We were out of the alleys and on a road. There was a fried chicken bar across the street with tables set outside and it killed the quiet. Beer glasses clinked, the voices rumbled and scooters and cars roared past.

“I live for a photo that brands itself behind my eyelids. Close your eyes and it’s there,” I said.

“When does it leave?” she said.

“What do you mean?”

“The brand.”

“I don’t know,” I thought of all the photos I had taken, but suddenly I couldn’t think of any. “I guess that’s why I keep doing it.”

We kept walking. Wedged between the glass office buildings and the cars passing us, under the swaying pruned branches of trees, we walked the straightest road in Seoul. At the end of it, far off and dark, lit only by a string of white lights of a snaking road, a mountain loomed.

It was framed perfectly.

“What did you try to forget?” I asked.

“The ocean.”

“You lost someone, right?”

“I did. But you can’t really lose someone just like you can’t really have someone. I don’t know, it’s just, the ocean. You know? It’s complicated.”

“So, why paint something you want to forget?”

Suddenly, there was a crack. Thousands and thousands of firecrackers, or branches, or peanut shells, or bones, something brittle and many broke to pieces and shattered the air. And then the lights from the office buildings, the streetlights, every bright spot from where we stood all the way to the mountain went out. The city was dark.

I blinked. It was all black with my eyes open or closed. The sky above, with its constant haze of orange city light, now black as ink.

“What happened?” I said, trying to breathe, fighting the sensation of something clenching my throat.

“I don’t know,” she said. I felt her hand on my arm. “Look up in the sky.”

“Look up at the sky?”

“Do it,” she said. “What do you see?”

“You don’t think it’s an attack do you?”

“Is that what you see?”

“A power outage?
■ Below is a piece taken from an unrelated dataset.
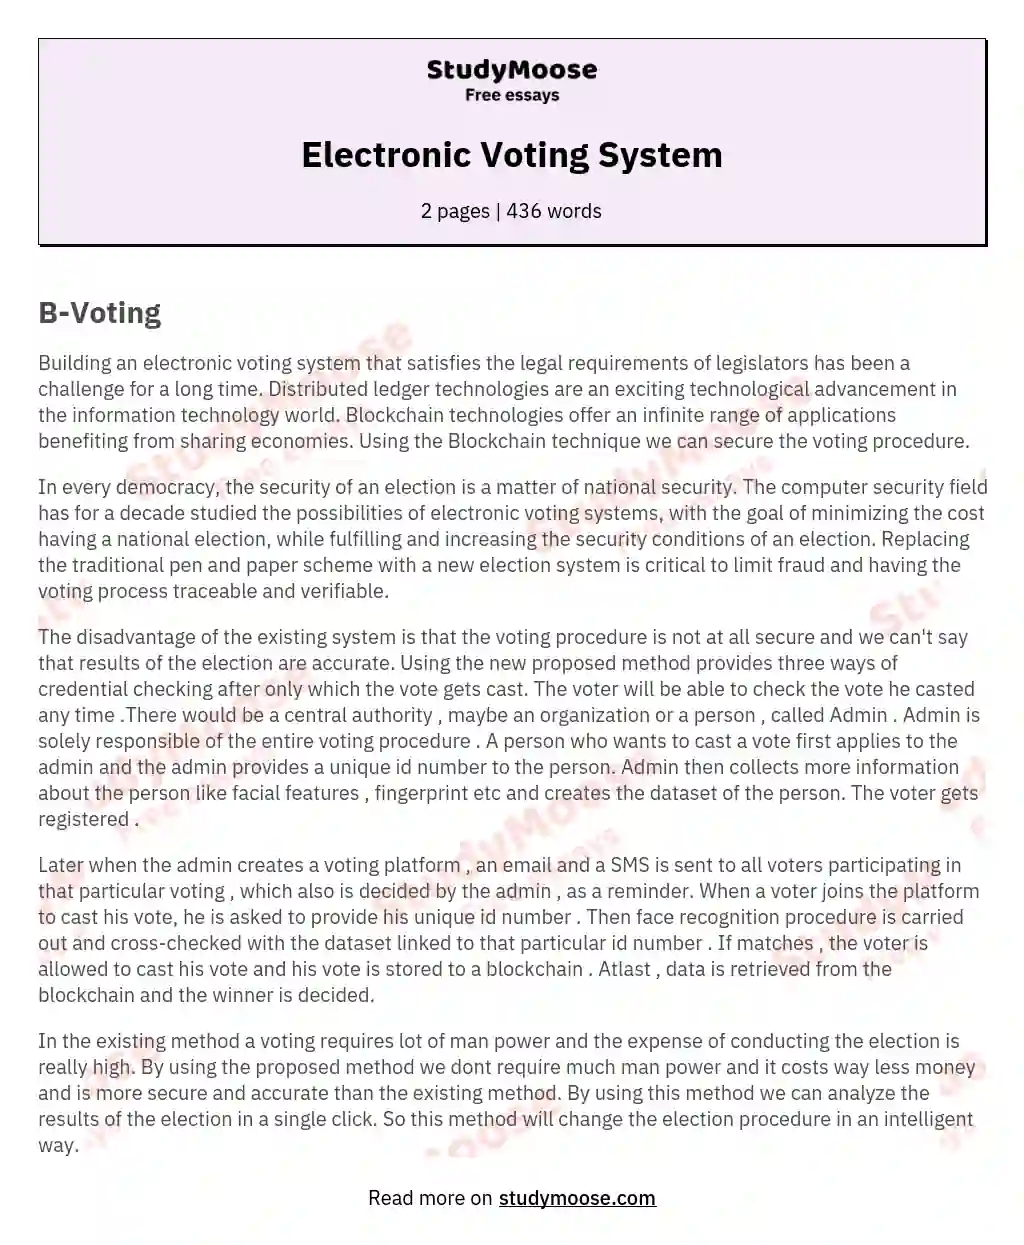 Electronic Voting System essay
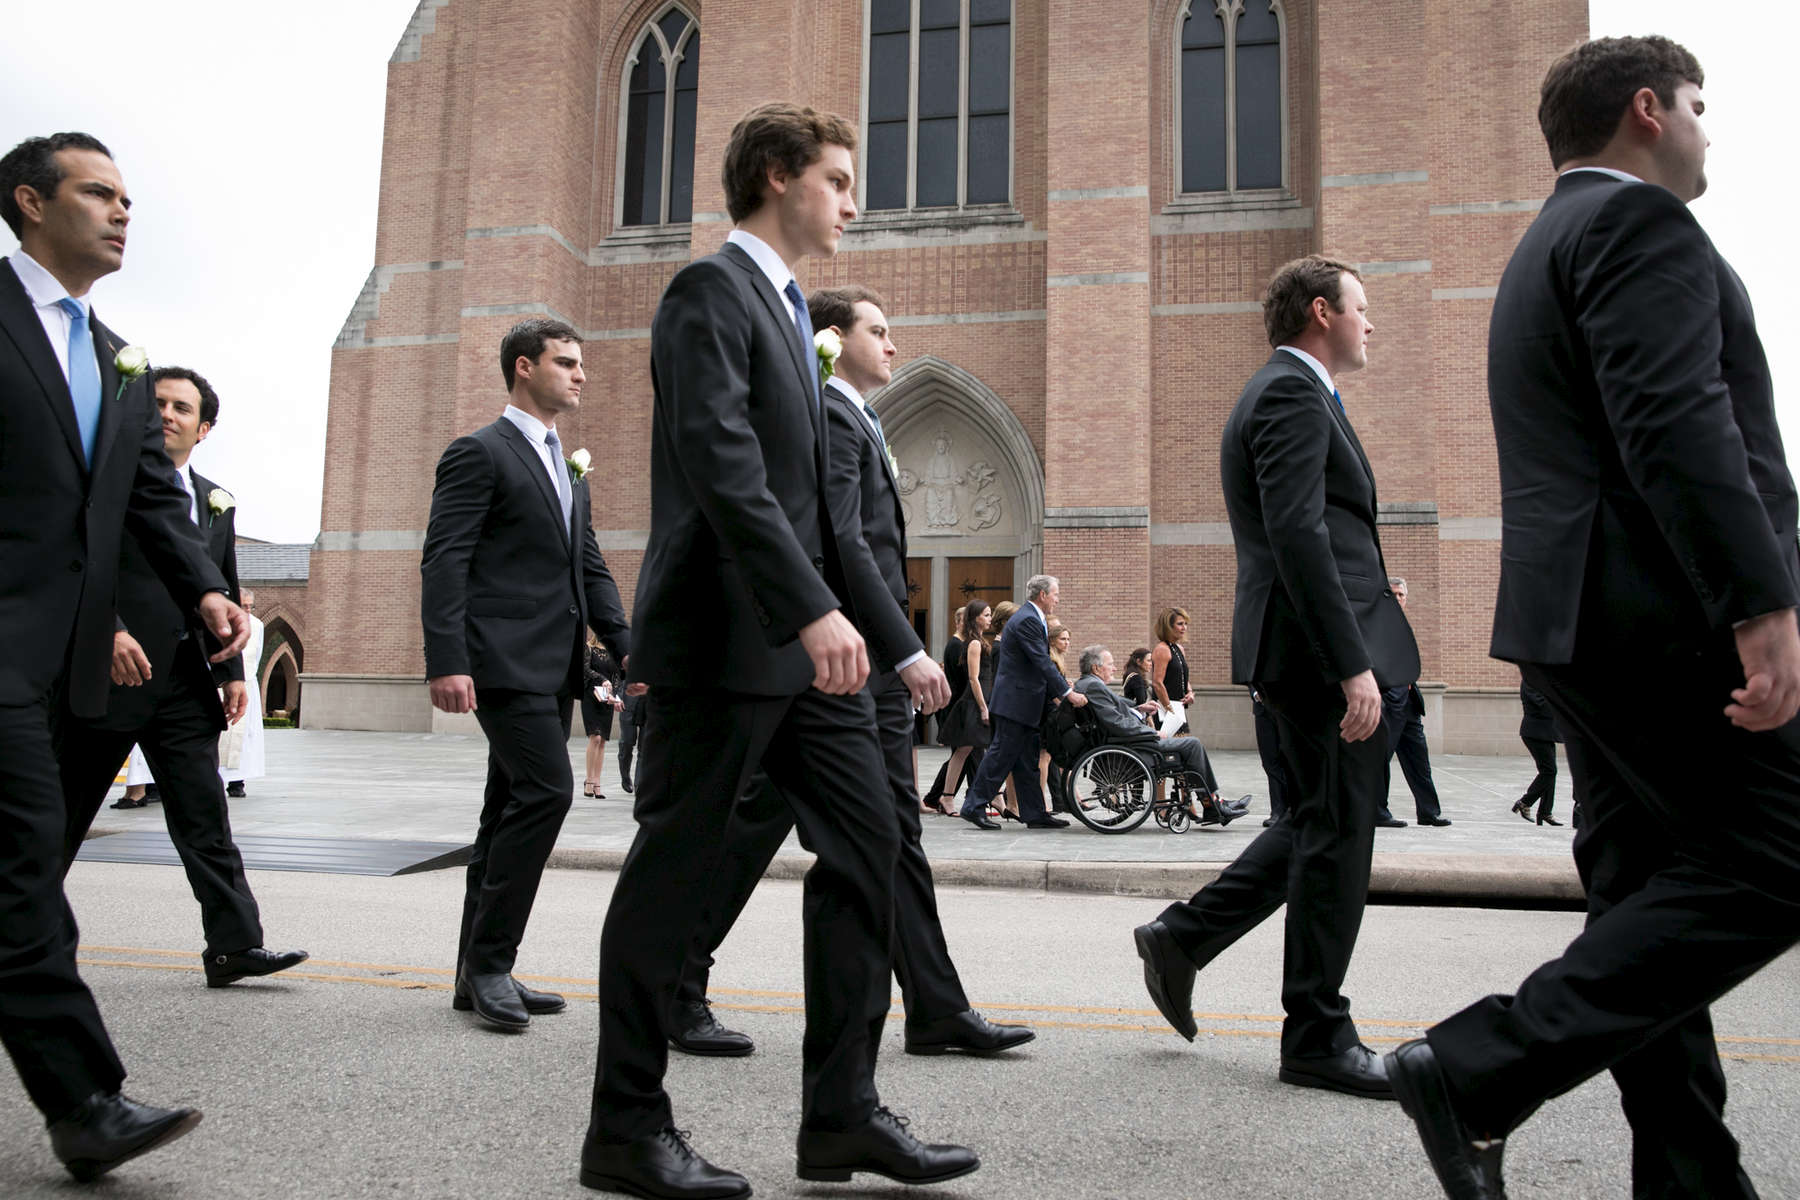 The funeral of former First Lady Barbara Bush on April 21, 2018. Photo by Paul Morse

Solar flare?”

“What do you see?”

I looked up and saw nothing, absolutely nothing. I heard shouts of people, the crashes of glass breaking on concrete, the flutter of birds, the sound of wind against the branches. But I couldn’t see it, couldn’t frame it, couldn’t imagine it. As if the world had always been dark and I and everyone and every color, and every other moment before now had drowned.

Then I saw it: torn between the clouds were pinpricks of stars in the cloth of sky. And I felt the space that stretched between the specks of light straighter and longer than anything I had ever seen. So black, so heavy, so empty, so vast, terrifying. It knew nothing of me. I knew nothing of it.

I reached for my camera but suddenly my hand clasped onto hers. Her hand was cool as rock and slick with sweat. And then, as I looked harder, I saw that there were millions of them: the stars. Faint, yet there in the curtain of matte black sky. Each with its own color, each so alone and never touching, so clear, so far apart, yet so many, everywhere. Perfect.

“It’s…” I said.

“Only this,” she said. “Only this and nothing else.”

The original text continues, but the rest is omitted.